Just pointing out that it penalizes people who decide not to participate in the new system, regardless of the fact they it is this law that will prevent them from keeping/obtaining the insurance (private non-system) that they want to buy.

This includes many, like me, who have good insurance now, and want to keep it, but will be prohibited from doing so.
 
  • #357
Greg Bernhardt said:
It's interesting that the Amish (250k pop) will be exempt, but Muslims will have to buy.
http://www.wnd.com/index.php?fa=PAGE.view&pageId=137221
The Amish are exempt from many things due to their religious beliefs. This law exempts anyone who is a member of a recognized group with religious beliefs that prohibit their participation. Muslims are not a recognized group for this purpose.

One more constitutional strike against this law, it discriminates based on religious beliefs.
 
  • #358
Al68 said:
One more constitutional strike against this law, it discriminates based on religious beliefs.

How is that unconstitutional? It's not a law "respecting an establishment of religion, or prohibiting the free exercise thereof". Unless of course you meant that the right to so discriminate is "reserved to the States respectively, or to the people"?
 
  • #359
CRGreathouse said:
How is that unconstitutional? It's not a law "respecting an establishment of religion, or prohibiting the free exercise thereof". Unless of course you meant that the right to so discriminate is "reserved to the States respectively, or to the people"?
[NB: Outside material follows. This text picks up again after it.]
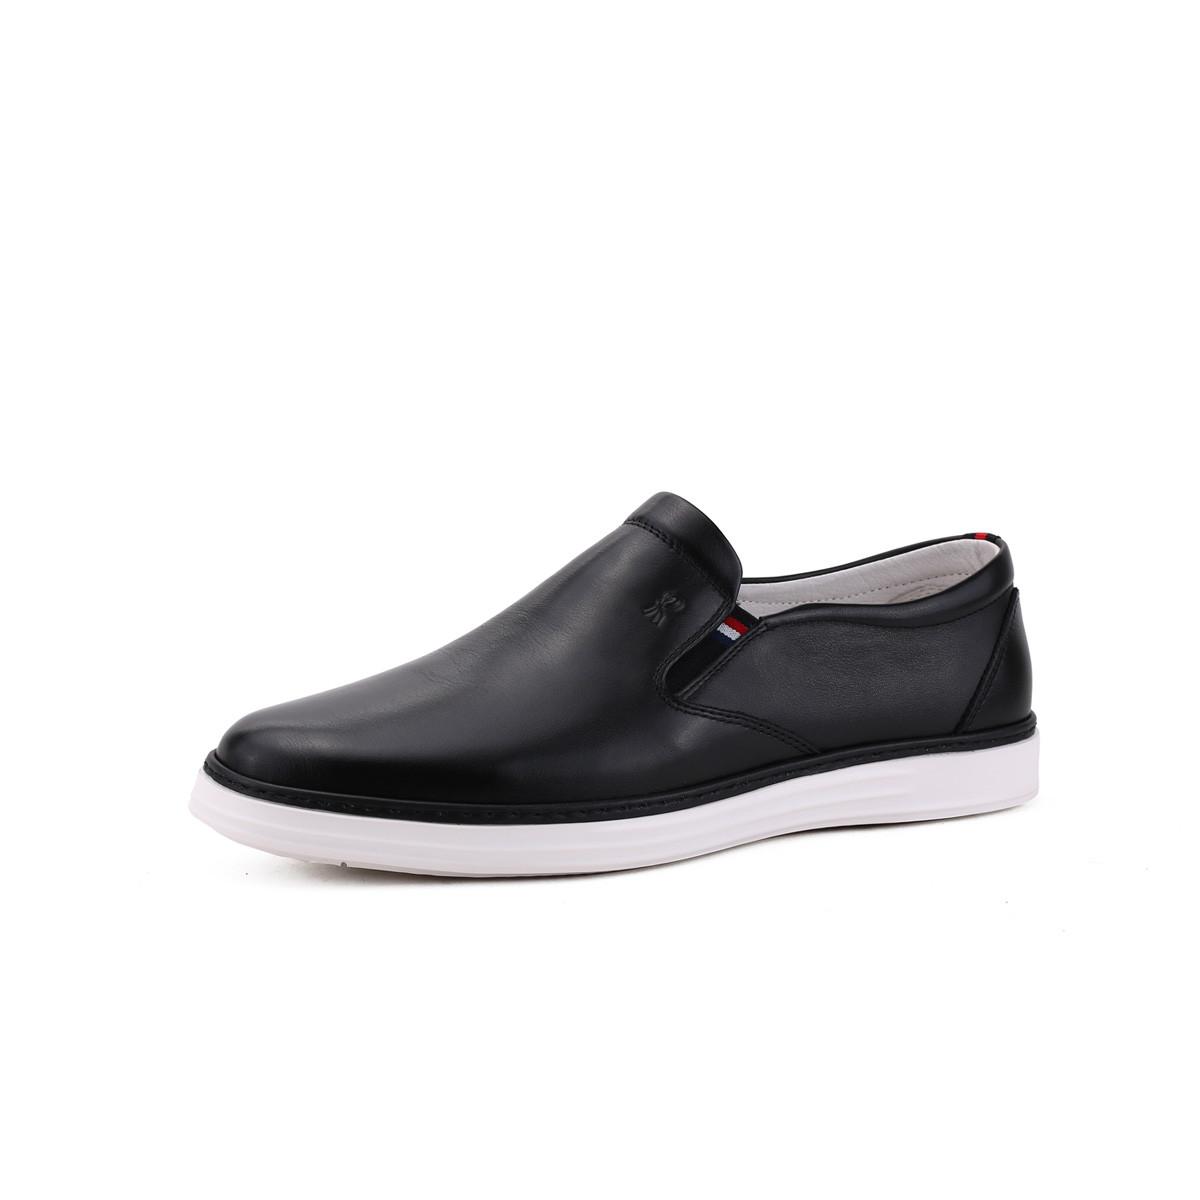 诺贝达2019新款 小牛皮时尚 一脚蹬男士休闲鞋男鞋WRJ89002A

Amendment 14 Section 1. "All persons born or naturalized in the United States ... nor deny to any person within its jurisdiction the equal protection of the laws."

Commonly the "Equal Protection Clause". Its arguable but the supreme court is unlikely to accept it as a violation.

Edit: and the "Establishment Clause" is commonly interpreted as prohibiting any law which gives preference to any religious group or institution.
 
  • #360
Zefram said:
This isn't a feature unique to the Massachusetts system. Roughly 30 states require premium increases to be approved by state insurance regulators. Recent (i.e. in the last few years) raises have been rejected or challenged in a number of states--Maine, Connecticut, and Washington come to mind immediately and I'm sure some of you have heard about the recent challenge (and subsequent delay) to premium increases in the individual market in California.
Well the insurance regulators denied the initial rate incrrease requests but they were eventually http://online.wsj.com/article/SB10001424052748703315004575073013721784050.html" to some degree:
Feb 19th said:
After initial rejections from local insurance regulators, Mr. Fluegel said WellPoint wound up with a 17.5% increase in Connecticut and a 10.5% increase in Maine.

As far as I know the refusal of health insurers to offer any new policies is indeed unique to Massachusetts, as the highest in the nation premiums brought on by the state rules are causing people to game the system and jump in and out insurance policies, or put another way Mass. rules have blown apart the risk pool and taken all the slack out of the system.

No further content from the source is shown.